WORK INSTRUCTIONS: No pictures, nothing altered: return the data below.

EXERCISE DATA:
┌──
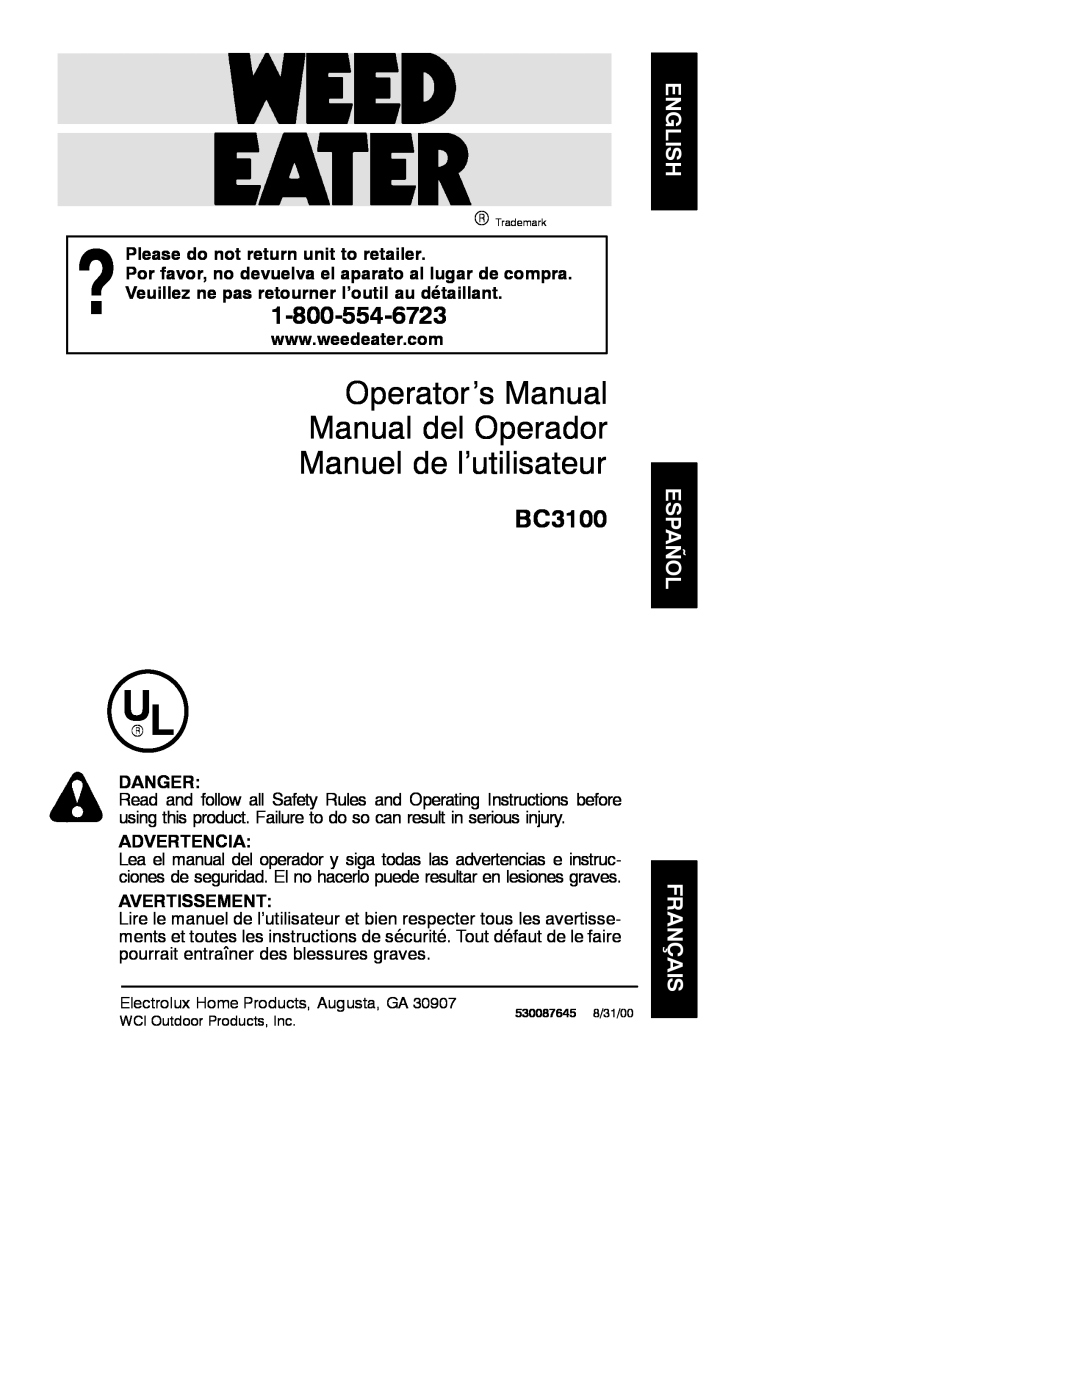 Poulan BC3100 operating instructions Operator’s Manual Manual del Operador Manuel de l’utilisateur, Danger, Advertencia 
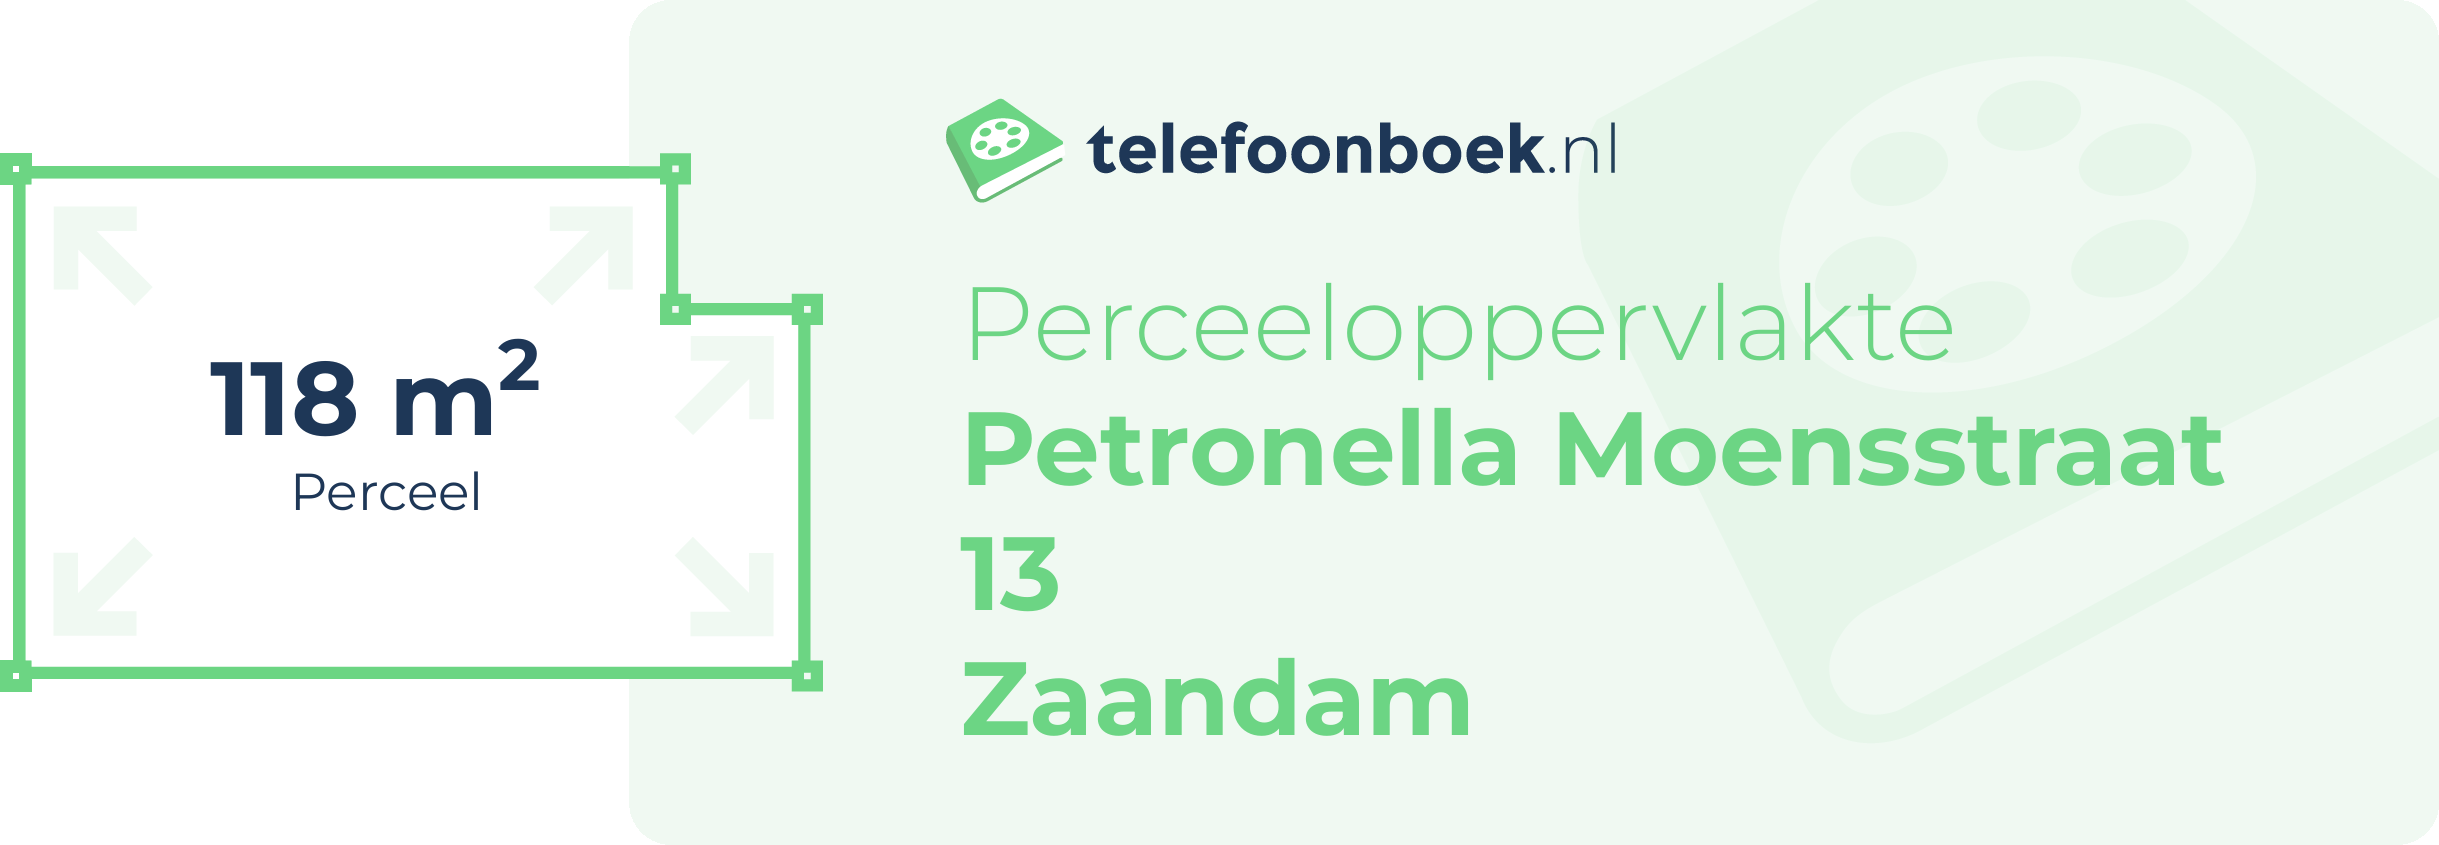 Perceeloppervlakte Petronella Moensstraat 13 Zaandam
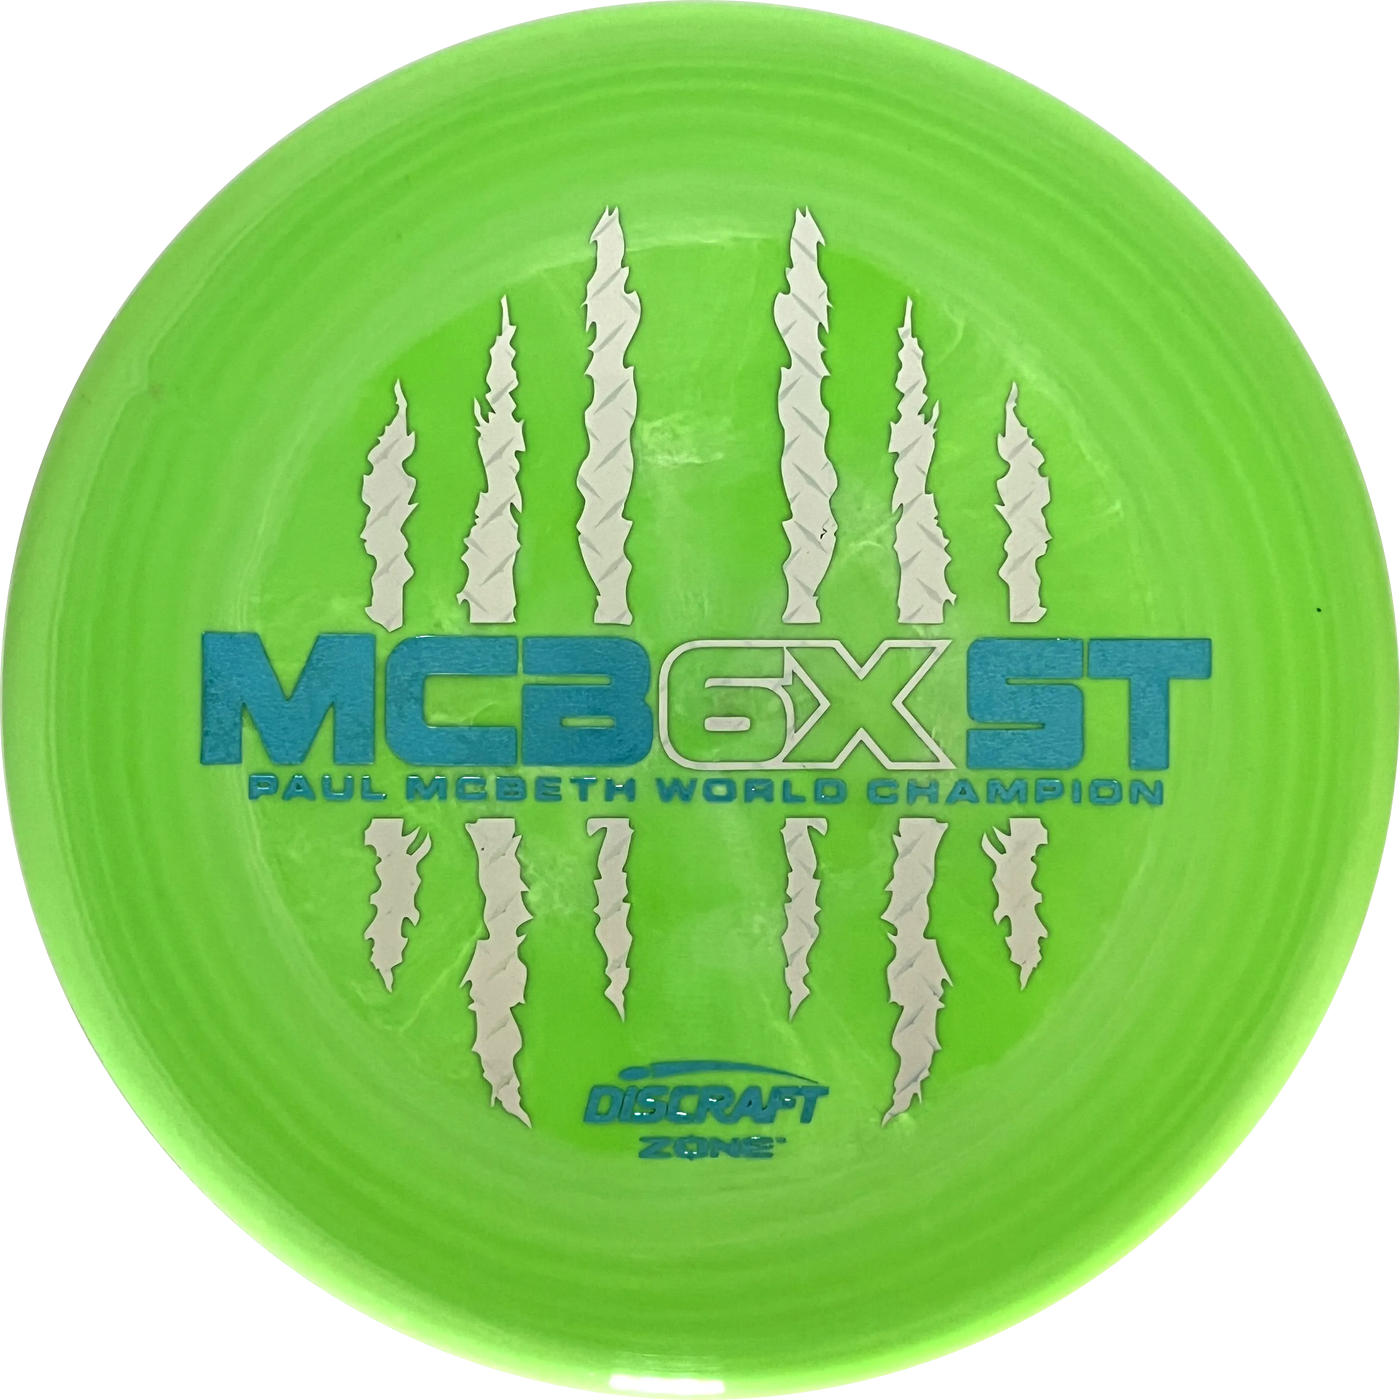 ESP Paul McBeth 6X Claw Zone
└──
EXERCISE RESULT:
 Poulan BC3100 operating instructions Operator’s Manual Manual del Operador Manuel de l’utilisateur, Danger, Advertencia 
 Perceeloppervlakte Petronella Moensstraat 13 Zaandam
 ESP Paul McBeth 6X Claw Zone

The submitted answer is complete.